Now left points to a less-than and right points to a greater-than. So, we increment nd and then set newleft to be the node before left. That is pictured below:

We then erase left and right, and set left to newleft before going back to the top of the while() loop. Here's what happens in the next iteration:

The two erased nodes are gone from the picture, and left and right point to a diamond. Thus, nd is incremented, and since left is equal to l.begin(), we set newleft to be the node after right. That is the state pictured above. We then erase left and right, and set left to newleft before going back to the top of the while() loop. Here's what happens in the fourth iteration:

This is the same case as the first iteration -- no diamond. We increment left and move on:

We have a diamond. We first increment nd. Next, since left is not equal to l.begin(), we set newleft to point to the node before left. That is depicted above. We then erase, set left to newleft and reach the last iteration of the while() loop:

Since right equals l.end(), we return 3, and we're done. It's important that you step through this example until you understand it. You may even want to step through what happens when the string is we call it on the string "<<>>><>". The execution is very similar, except the fourth and sixth iterations look a little different.

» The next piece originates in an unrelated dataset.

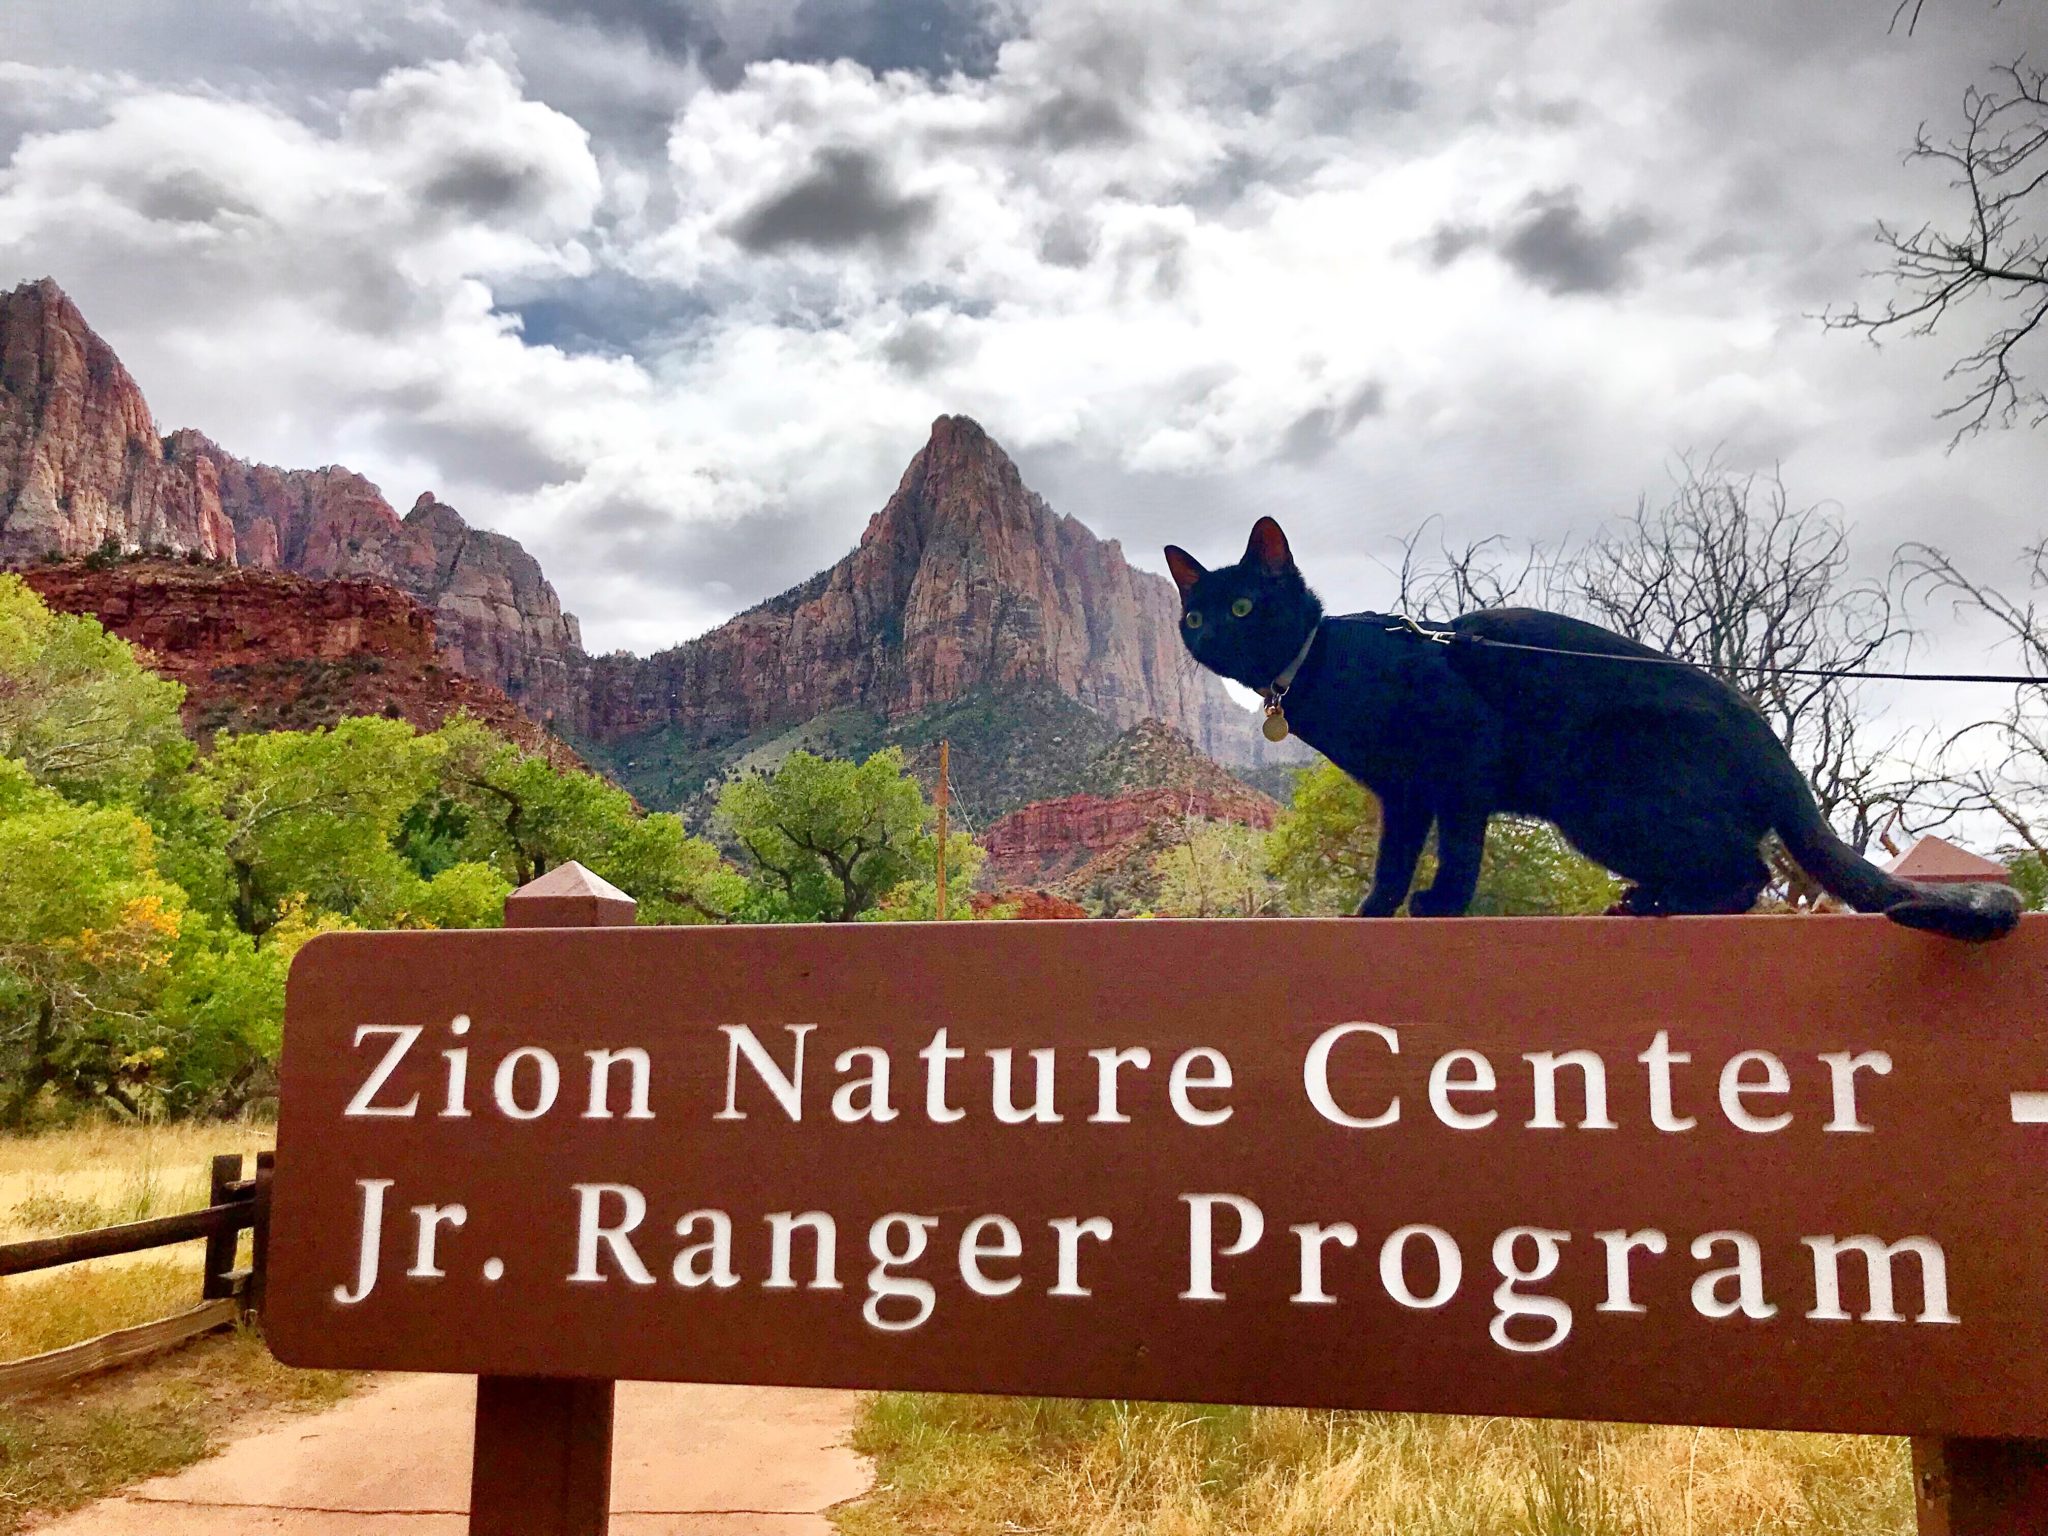 Cash adventure cat explores Zion National Park on a leash

When do I use each data structure?

We've covered quite a bit in this lecture. One of the bottom lines that I want you to receive from this lecture is that there are three data structures: vectors, deques and lists, and you should use each appropriately:

If you are simply accessing n elements, or if you are calling push_back()/pop_back(), use a vector.
If you want to call push_front() or pop_front() in addition to calling push_back()/pop_back(), use a deque.
If you want to insert and delete elements from the middle of the data structure, use a list.